### ABOUT THIS TASK
A faithful transcript of all the lines below, with no pictures, is the goal here.

### PROVIDED MATERIAL
# # # # # # #

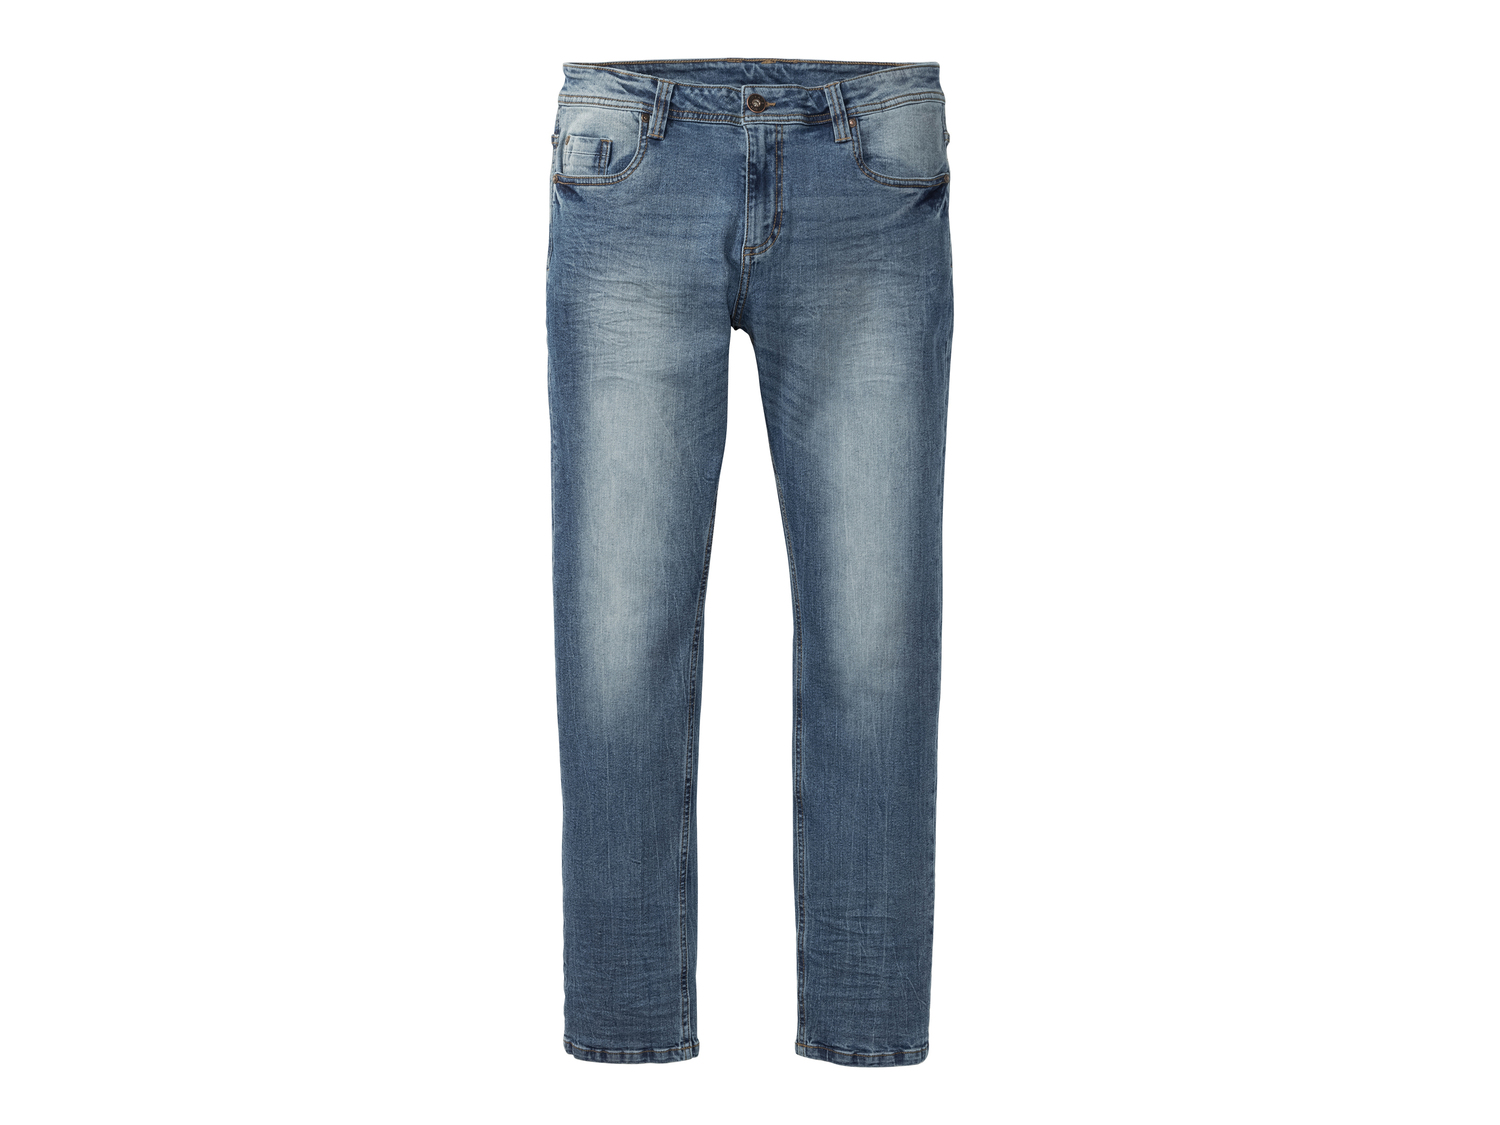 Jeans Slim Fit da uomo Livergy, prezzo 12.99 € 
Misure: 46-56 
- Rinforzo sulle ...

# # # # # # #

### ANSWER SECTION
 Jeans Slim Fit da uomo Livergy, prezzo 12.99 € 
Misure: 46-56 
- Rinforzo sulle ...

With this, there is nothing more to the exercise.